An average of 21 percent of female undergraduates told researchers they’d been sexually assaulted since starting school in a Bureau of Justice Statistics-funded study of nine unnamed U.S. colleges and universities published last year. At some of the schools, the rate of sexual assault was as high as 1 in 2.
Here in Chicago, SABRE, which produces pepper sprays, is holding a scholarship Sweepstakes that will award one winner $15,000 in scholarship funds, which is set to run from July 1 – Sept. 3, tied to making students more aware of this problem.
“Our decision to award a scholarship was twofold,” explains SABRE CEO David Nance, in a press release. “We wanted to give back to our community by helping someone with their college dream, while also teaching students and their parents about campus safety.”
Rape is the most underreported crime, according to the National Sexual Violence Resource Center, which estimates that 63 percent of sexual assaults are never reported to police.
The Huffington Post reported that the numbers are even smaller if you only consider college students. Fewer than 5 percent of completed and attempted rapes of women in college were reported to law enforcement officials, according to a Department of Justice study in 2000.
The Hunting Ground was a film made in 2015 that documented the problem of date rape on college campuses. They stated that the universities – similar to the Catholic Church shielding pedophile priests – have a financial interest to minimize sexual assault reports because they are selling a brand. And the fraternities – where rape is the second most common insurance claim against them – are a source of future alumni donations and home to many athletes who generate a lot of money for the schools.
I know as a public school teacher that principals are loathe to report crimes in their schools for fear that it would not look good for the school.
“Given that more than 4 out of 5 rape victims knew their assailant, experts believe social pressures play a large role in why rape goes unreported,” The Huffington Post reported in 2014. “Women in college have also identified fear of not being believed, not being sure whether what they experienced was a sexual assault and not wanting family or other people to know about the incidents as reasons for not reporting.”
And victims know they’re entering an uphill battle that even the most privileged women can’t always win. The singer Kesha filed a lawsuit against her producer Dr. Luke (Lukasz Gottwald). She claimed he had drugged her and raped her, but was forced to honor her contract with him and she dropped the charges.

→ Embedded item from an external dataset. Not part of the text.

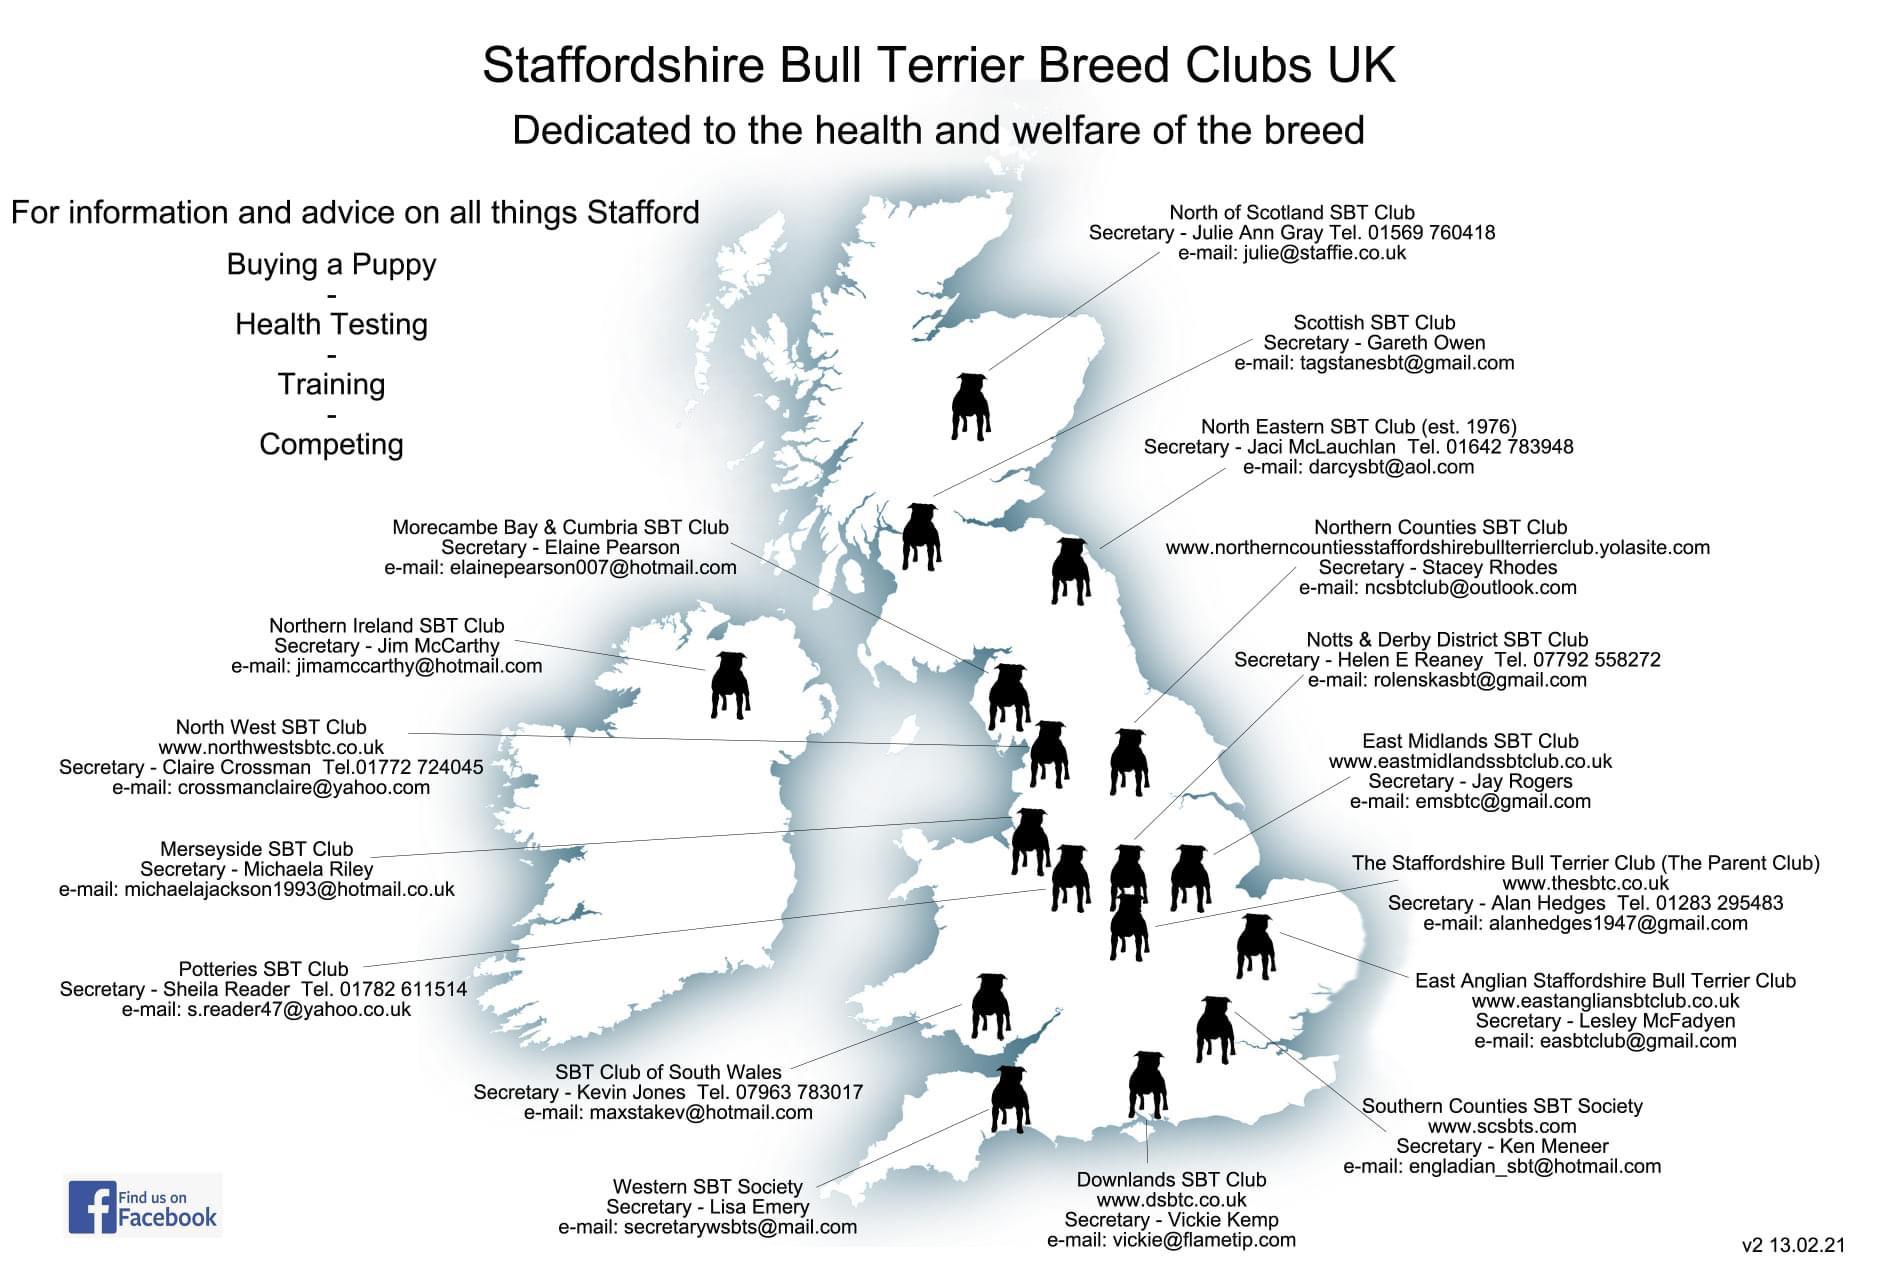 staffordshire bull terrier breed club information on UK map
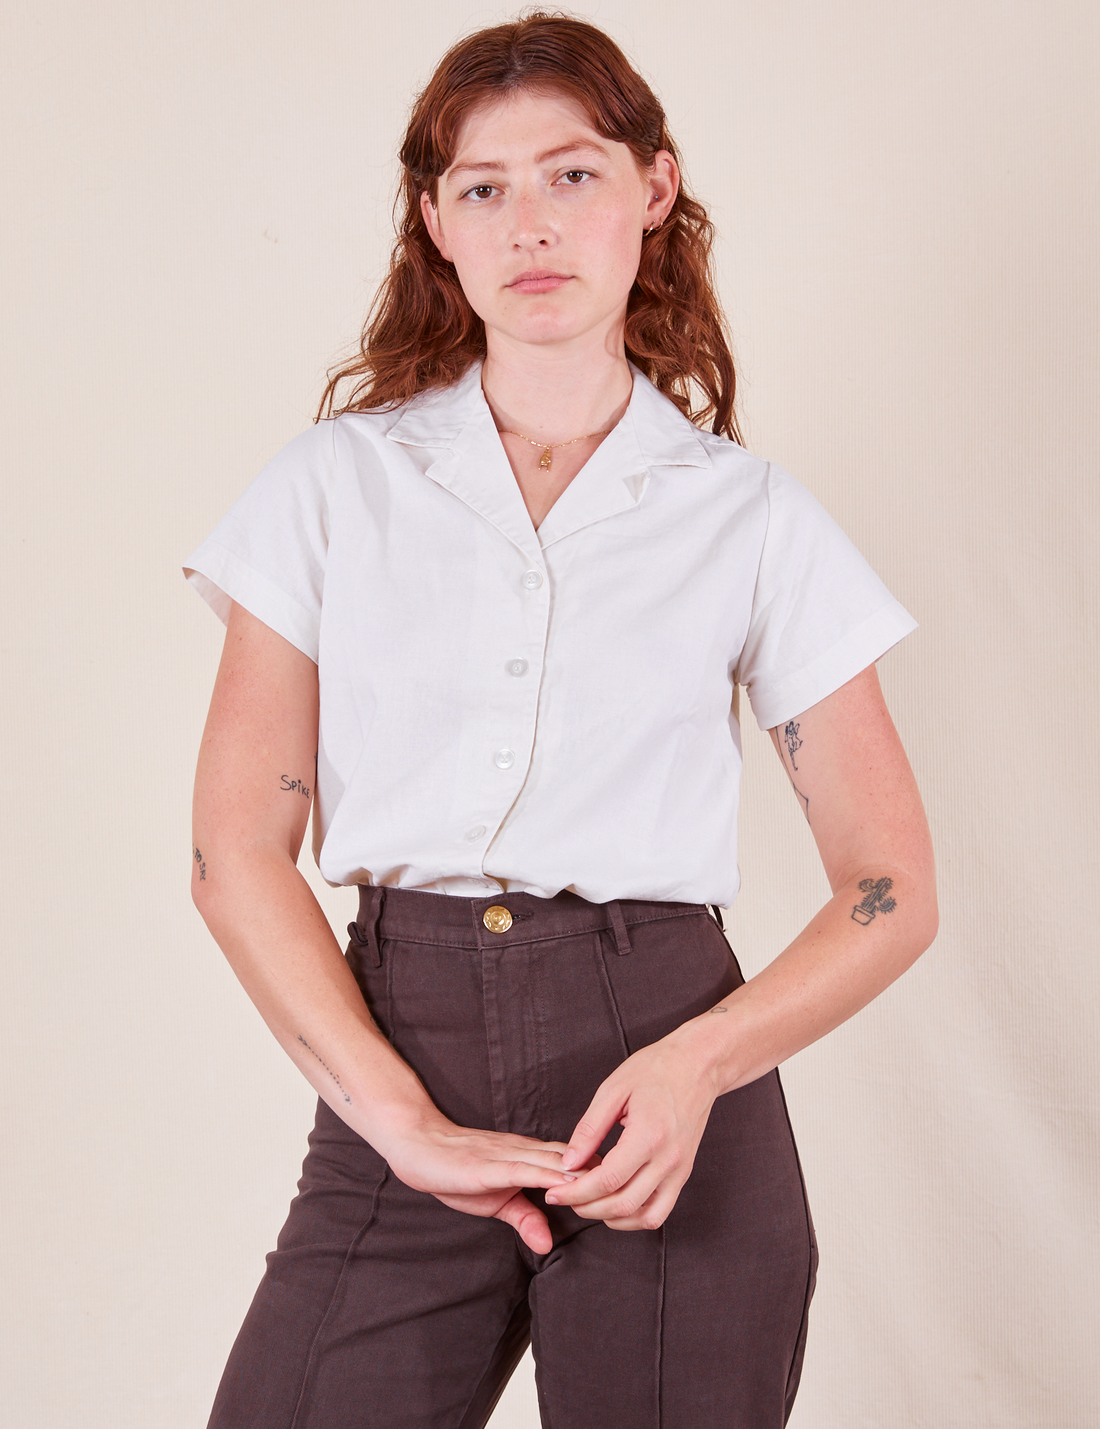 Alex is wearing Pantry Button-Up in Vintage Tee White tucked into espresso brown Western Pants

It’s also hard to get a guilty verdict in sexual-assault trials. So prosecutors who are generally concerned with conviction rates will generally pursue only the strongest cases. Rape and sexual assault cases are difficult to prosecute because they usually happen behind closed doors, making it hard to prove, The Huffington Post reported.
And those who are found guilty of sexual assault are rarely properly punished. According to a HuffPost analysis, a student who was found guilty of sexual assault was expelled from school in fewer than one half of cases and suspended in fewer than half the cases. Stanford student Brock Turner who was found guilty of sexually assaulting an unconscious woman was only sentenced to six months in prison.
There are more college programs today that are addressing this enormous problem. They are launching bystander intervention programs to teach people how to intervene and stop assaults from happening and more colleges are adopting affirmative-consent standards to demonstrate a person hasn’t necessarily consented to sexual activity just because they didn’t scream “no,” Huffington Post reported.
SABRE is encouraging this year’s new crop of college students to follow some safety tips: 1. Check out what free safe ride or walking services are offered by the campus. 2. Take a safety seminar on self-defense. 3. Prepare yourself with pepper sprays and gels which are one of the most effective ways to deter or distract an attacker, and 4. Stick together – stay close to friends when going out or coming home late from parties.